## TO DO
The copy should begin at the line containing "fri - River Boots Ad (Dotty) - Donation.jpg" and end with the last line below, every line exact and no picture included.

## DATA SEGMENT

---

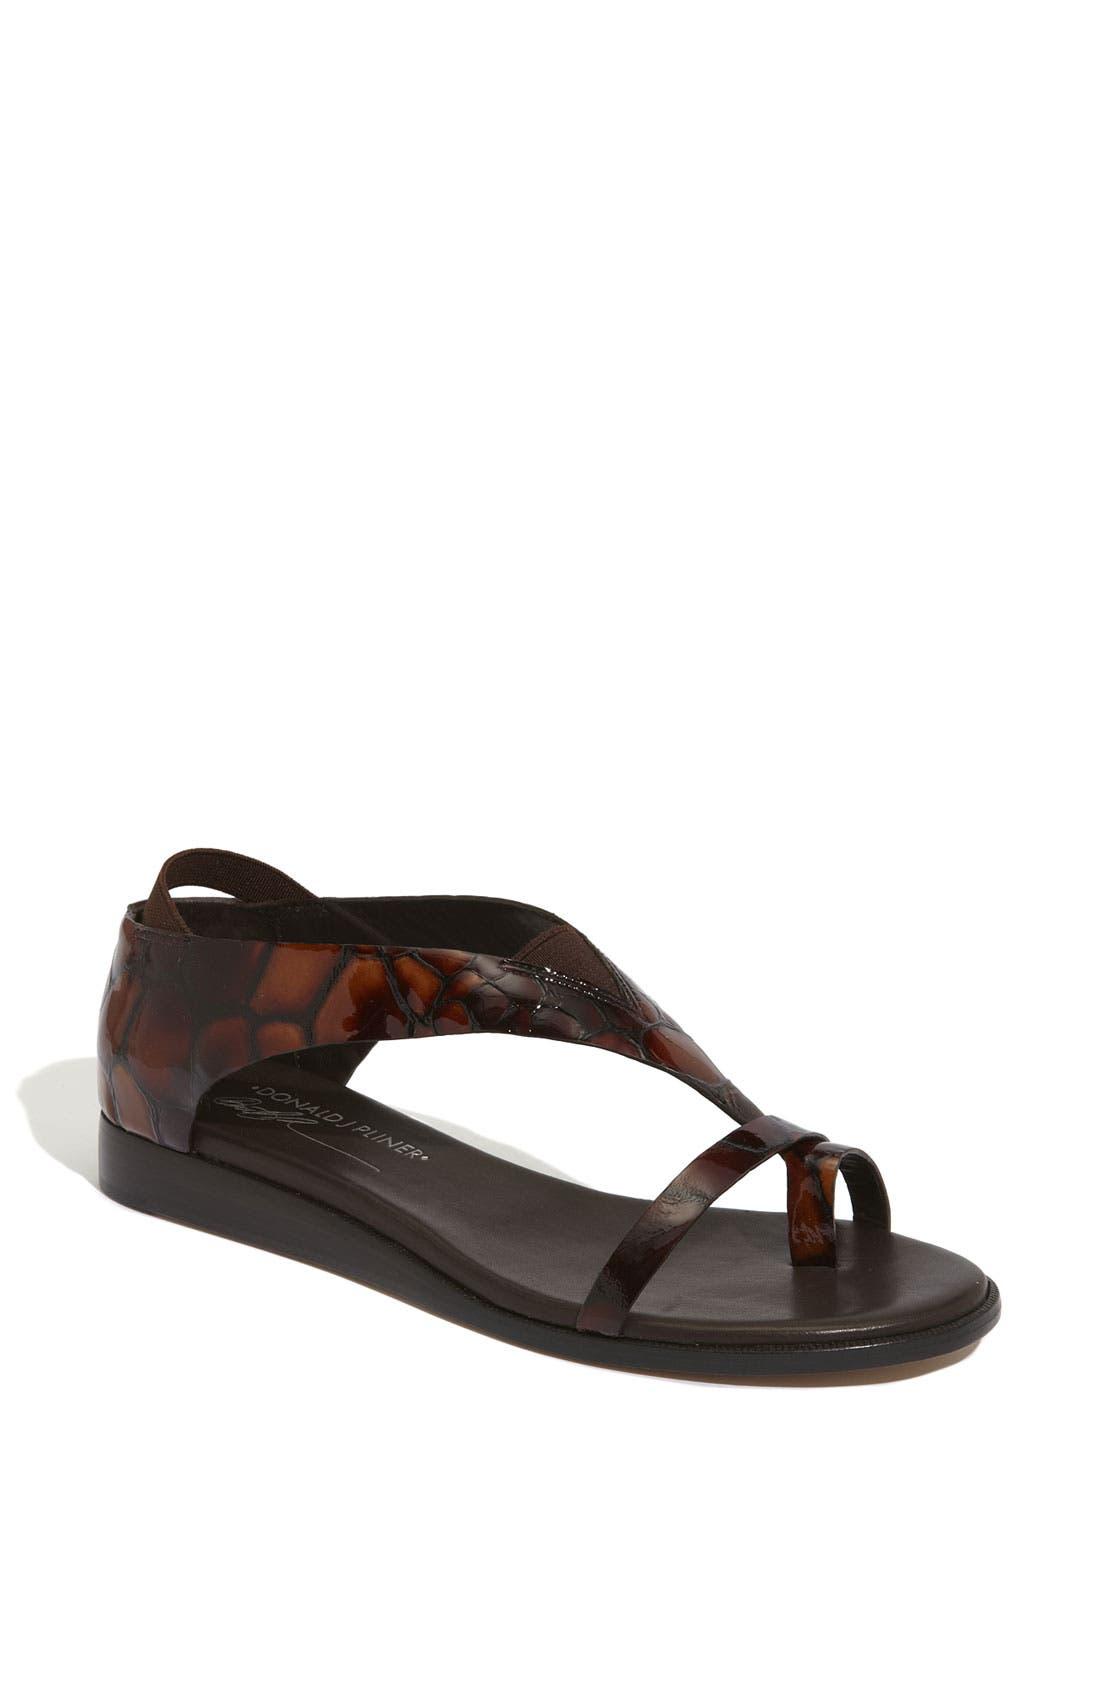 Alternate Image 1 Selected - Donald J Pliner 'Dorcas' Sandal
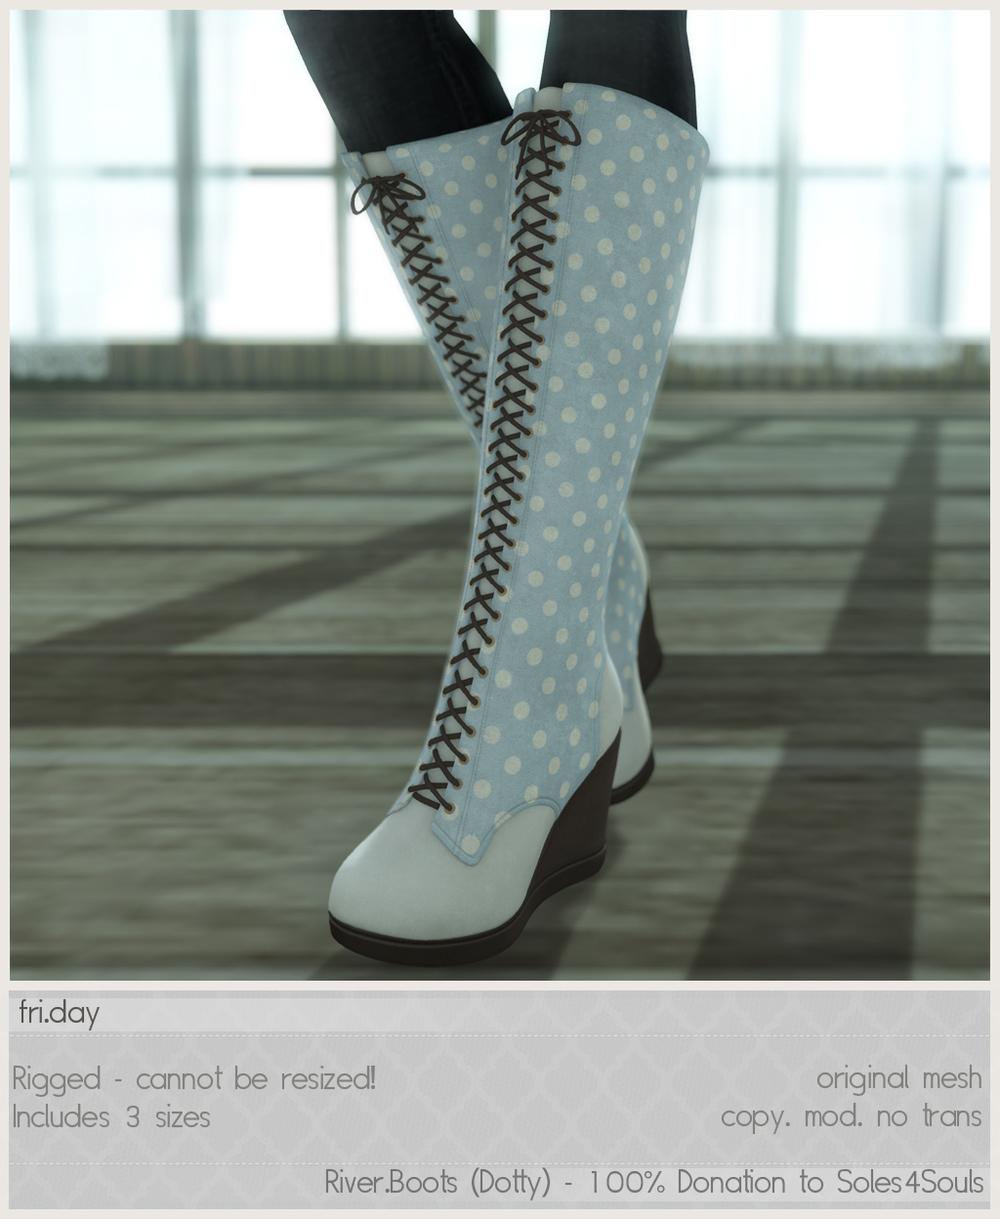 fri - River Boots Ad (Dotty) - Donation.jpg
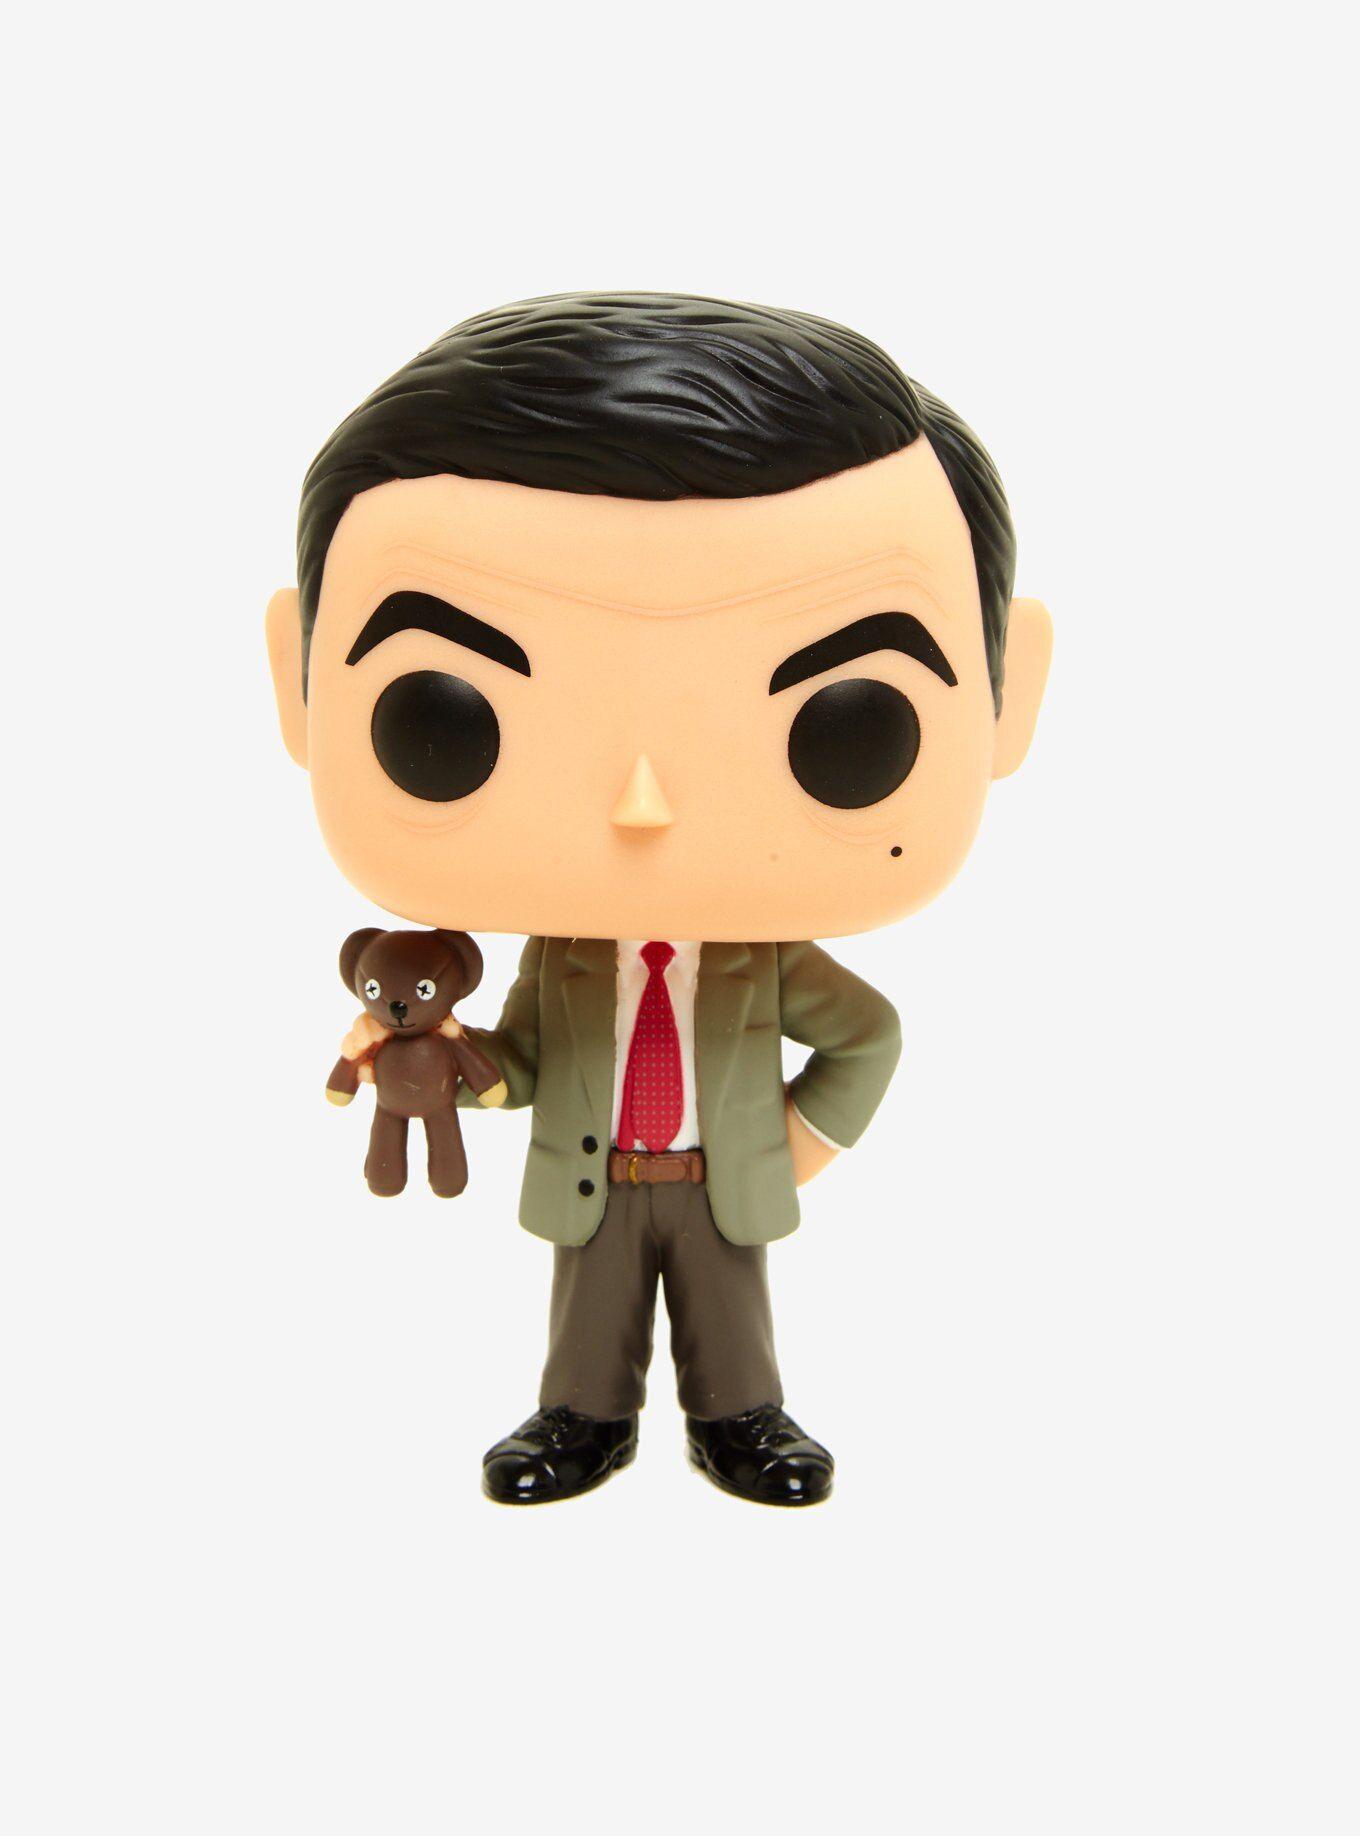 Mr. Bean #592 - Funko Pop! Television

---

## EXERCISE RESPONSE
 fri - River Boots Ad (Dotty) - Donation.jpg
 Mr. Bean #592 - Funko Pop! Television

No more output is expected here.